Generations later in the land of Egypt judgement was about to fall on all the first born males of the entire community.  How would the first born sons of the Israelites be saved?  God made provision.  Each family was told to select a lamb, a male, one year old, without blemish or spot and kill it.  The blood of this lamb was to be sprinkled on the door posts and lintels of all their houses.   God had said to them, “… when I see the blood, I will pass over you, and no plague will befall you to destroy you, when I strike the land of Egypt”.  (Exodus 12:13)  In faith that blood was sprinkled on each Israelite house and every first born son was spared, saved by the blood, because the ‘angel of death’ passed over those homes.

The memory of this deliverance was kept alive in Israel by the observance of the annual Passover feast, at which each family killed a lamb.  That lamb pointed back to the time of the exodus but it also pointed forward to the coming Messiah, whose sacrifice would being salvation.

John prepared the way for Messiah and when he had almost fulfilled his calling, he saw Jesus appearing over the hill leading him to make this clarion call:

“Behold, the Lamb of God, who takes away the sin of the world!”

The long awaited Lamb had come.  He was the true Lamb anticipated by Abraham.  He was the sacrificial Lamb of which all the Passover lambs had been a type as the apostle Paul made clear to the Corinthian believers.

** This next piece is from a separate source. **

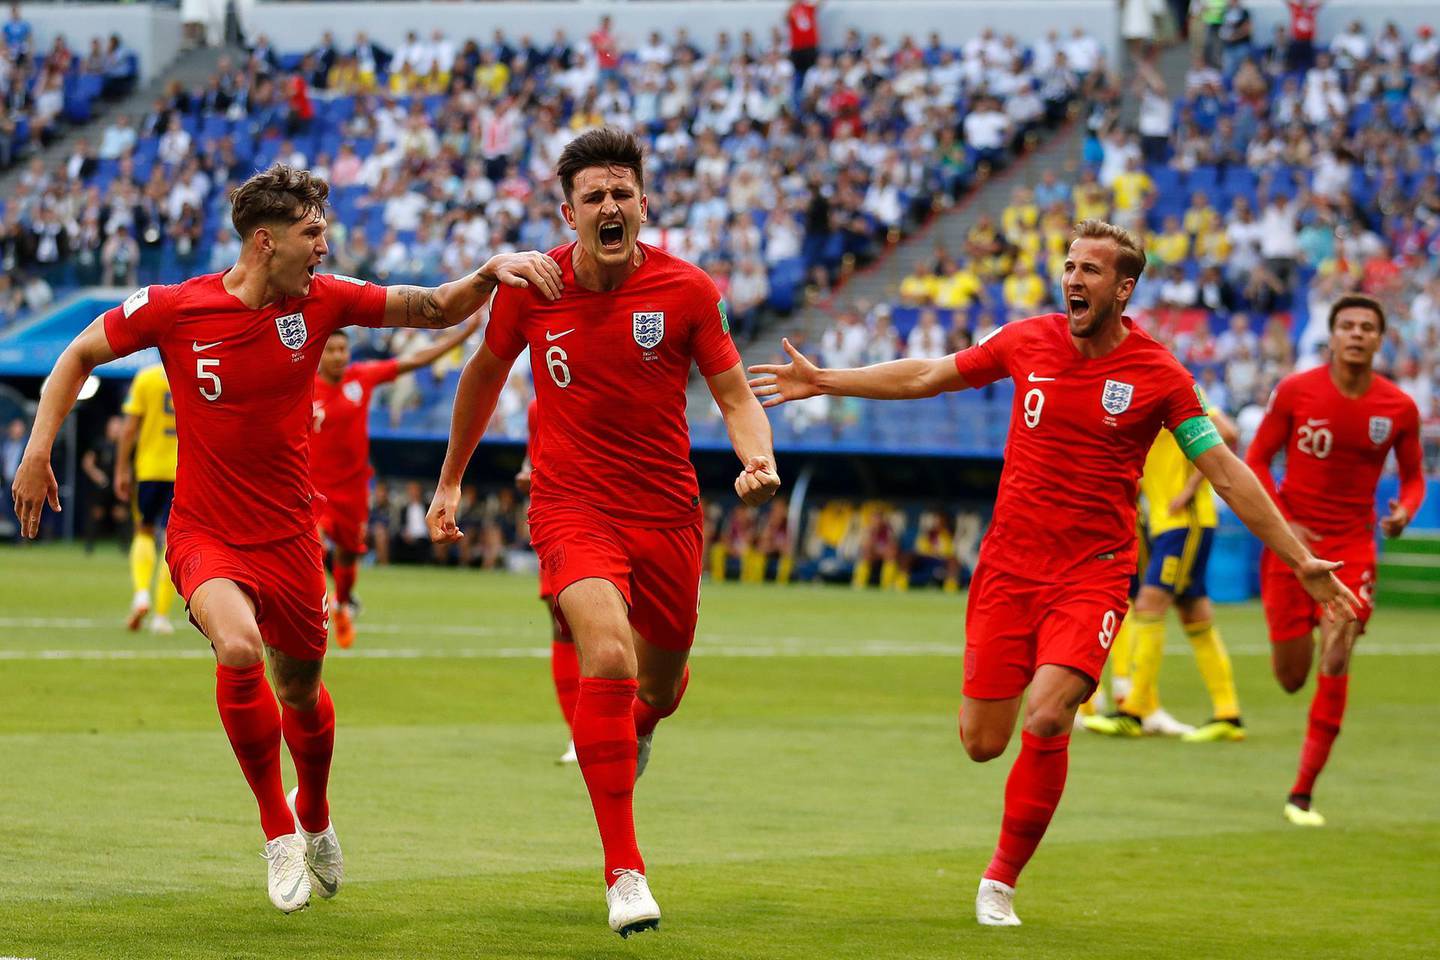 England's Harry Maguire, center, celebrates with his team mates after scoring his side opening goal during the quarterfinal match between Sweden and England at the 2018 soccer World Cup in the Samara Arena, in Samara, Russia, Saturday, July 7, 2018. (AP Photo/Francisco Seco)
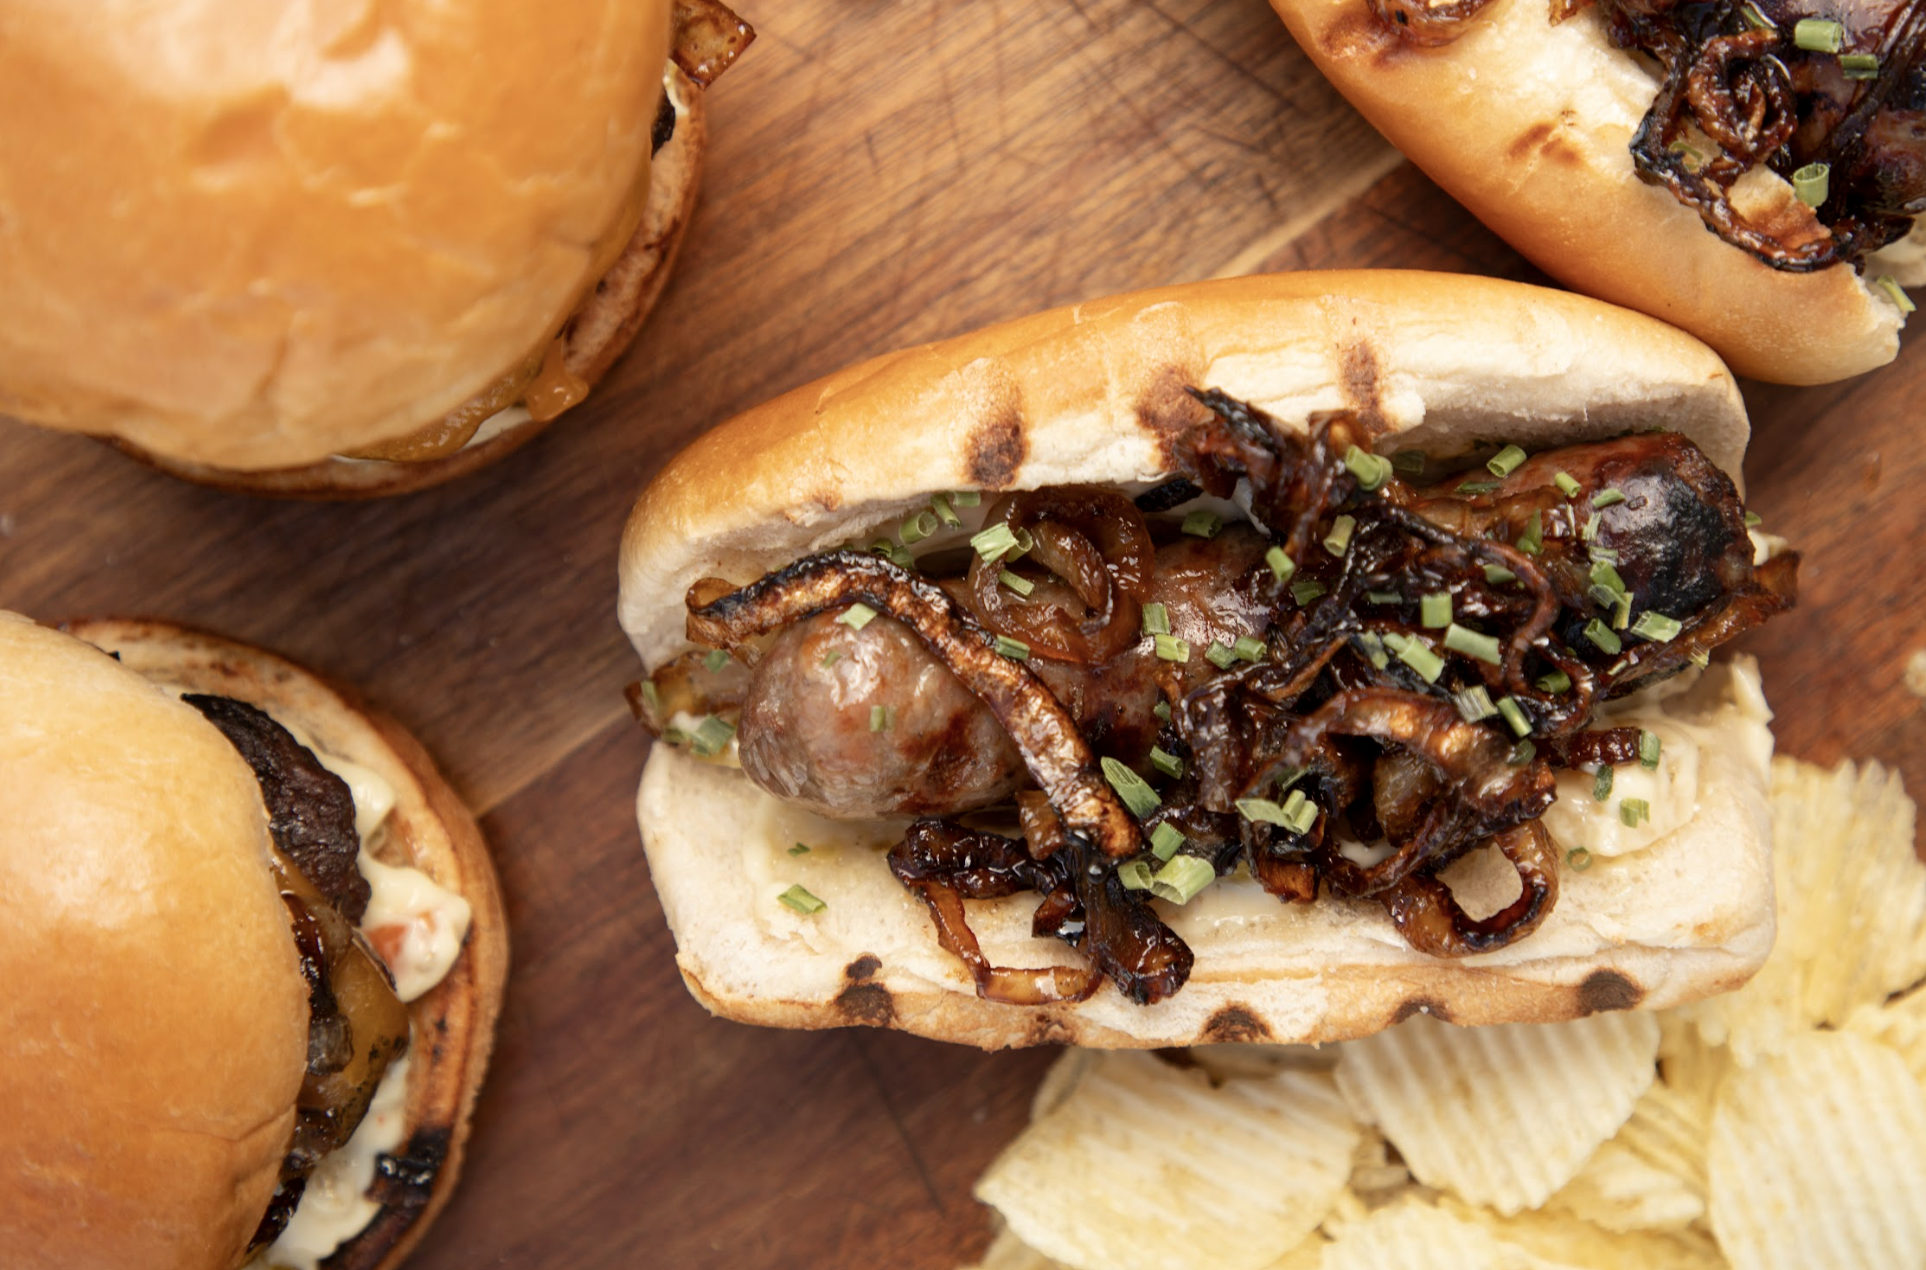 Caramelized Onion Burgers + Brats with Special Chicago Sauce

“… Christ, our Passover lamb, has been sacrificed” (1 Corinthians 5:7)

He is the Lamb who would, as Isaiah prophesied, “be led to the slaughter”. (Isaiah 53:7)  But why?  For what purpose?  John’s declaration informs us – “Jesus is the Lamb of God, who takes away the sin of the world”  How would that be accomplished?

This question can be answered by thinking about sin and its consequences.  “For the wages of sin is death…” (Romans 6:23)  Sin leads to death, both physical and spiritual.  This death is experienced in Hell, the place of eternal punishment where terrors and torments will be experienced for ever.

Can anyone be saved from this coming wrath?  By one’s own efforts, absolutely no one.   Paul in Romans 3:20 is quite emphatic, as is all of Scripture, “For by works of the law no human being will be justified in his sight, …”  See also Isaiah 64:6; Galatians 2:16. 

The only way to be saved is by someone coming to take the place of sinners and bearing the punishment due for sin.  That someone is the Messiah, who came to earth to take away the sin of the world, to bear the punishment due his people.  Jesus did that on the cross.  There he became their substitute.  On the cross at Calvary, “the Lord has laid on him the iniquity of us all.” (Isaiah 53:6)

No one else but the holy Son of God could take upon himself the accumulation of his people’s offenses.  No one else but Jesus could take on himself the burden of debt incurred by that vast number of people he came to save.  (Revelation 7:9)  No one else but Immanuel could drink the cup of God’s wrath due the elect, and drink it all, down to the bitter dregs.  Those who reject Jesus die with the guilt of sin still against their spiritual account.  They will have to drink the cup of God’s wrath and drink it in its entirety. (Psalm 75:8)   How absolutely terrible.

If God “did not spare his own son but gave him up” to all the torments of Golgotha, be sure of this, he will not spare any who die having completely ignored or purposefully rejected this marvellous provision.  Reader, he will not spare you, unless you repent and believe in Jesus and follow him as your Redeemer and your King.

Being present when great choirs are singing the words of this announcement with clarity and meaning is extremely moving.  The challenge communicated is for the believer to behold the Lamb of God afresh; to behold Jesus in all his glorious attributes, especially in his sacrificial love, sacrificial love which led him to embark on his redemptive mission that led him to give his life as a ransom for many.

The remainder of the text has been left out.